Exoticism and colonialism go hand in hand: the dominating colonial forces are always in conflict with the Other, in part because they project onto the other all their own dark, repressed traits. Hence the natives get called "savages" or "primitives." They are technologically inferior to the colonizing paramilitary forces, certainly; on the other hand, the more complex the toy, the easier it is to break. Technological civilization has often been seen as the dominator, colonial force; and it has often been successfully resisted by the natives. There are echoes of the unhealthy US Cavalry incursions into First Nations geographical and conceptual space presented in the last act of Dances With Wolves. Again, these are mythic echoes, not literal quotes or references.

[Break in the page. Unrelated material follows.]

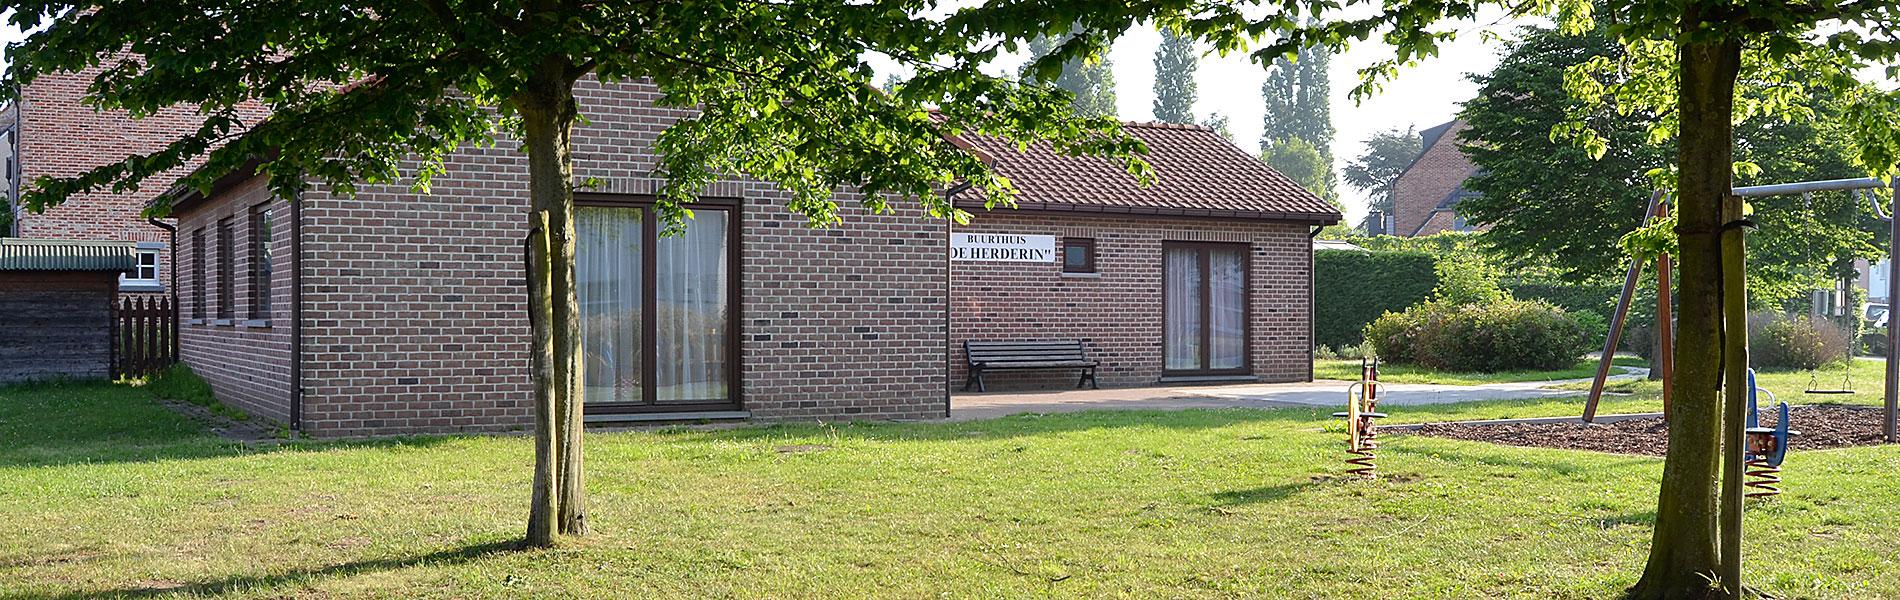 Wijkhuis De Herderin
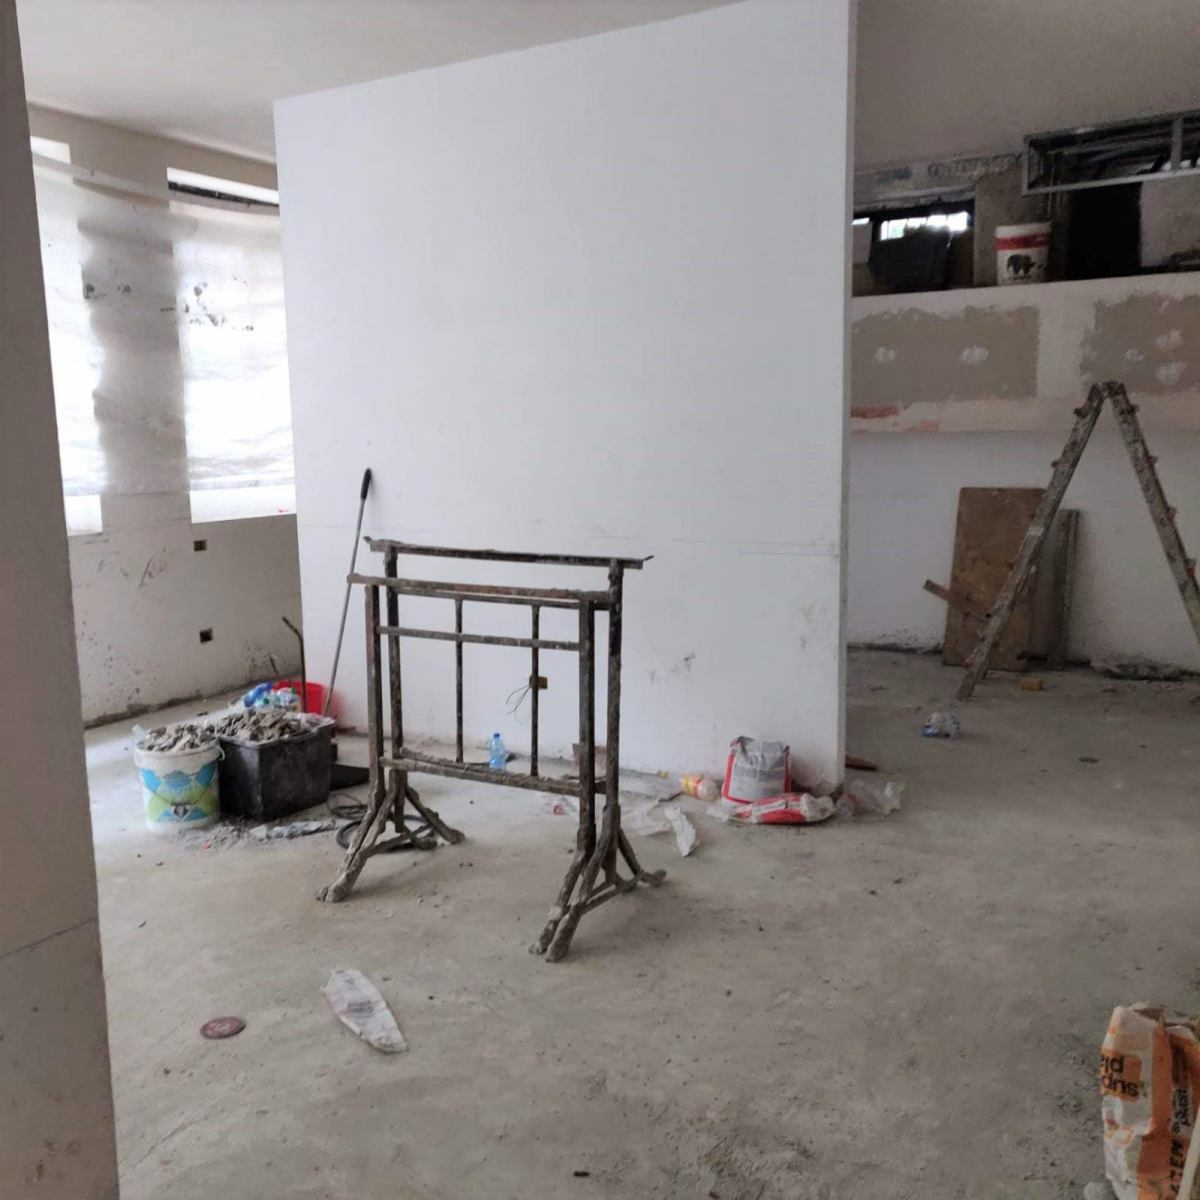 appartamenti-c3-in-vendita-via-chinotto-san-siro-milano-spaziourbano-immobiliare-vende-3-locali-2-locali-appartamenti-1

One plot-point the movie leaves open, at the end, when we see the lines of humans being force-marched into the space shuttle to be evacuated—or to be exiled from Paradise—is the tendency of large corporations, when the natives win a battle, to return later with overwhelming force. The British Empire was built very much by the British East India Tea Company, ruthless in their suppression of local uprisings that interfered with their profits.

So Pandora remains a threatened Paradise, not a permanent one. A subtle nuance of the film is that there are no permanent Paradises: the Hometree is destroyed, a sacred site where the natives can connect with their ancestors via bonding with the ecosystem's neuro-fibers is also destroyed. An entire tribe is made homeless. We can only live in the moment, with the ones we have right now, today.

6.

I have no grand conclusive statements to make. no quick thumbs-up or thumbs-down recommendations (with all their subtle echoes of Nero's gladitorial coliseum). I leave other viewers to decide for themselves how well they enjoy the film. For myself, I thoroughly enjoyed watching the DVD, and expect to watch it again soon, picking up more subtle details that I missed the first time through.

James Cameron continues to make films I want to watch. As I said above, a case could be made for all of his films being mythic encounters with the Other—both the Other out there, the truly Other, and the Other we find within ourselves. The question as to which Other, the inner or the outer, is the more alien, lies at the heart of Cameron's films, as it does here in Avatar.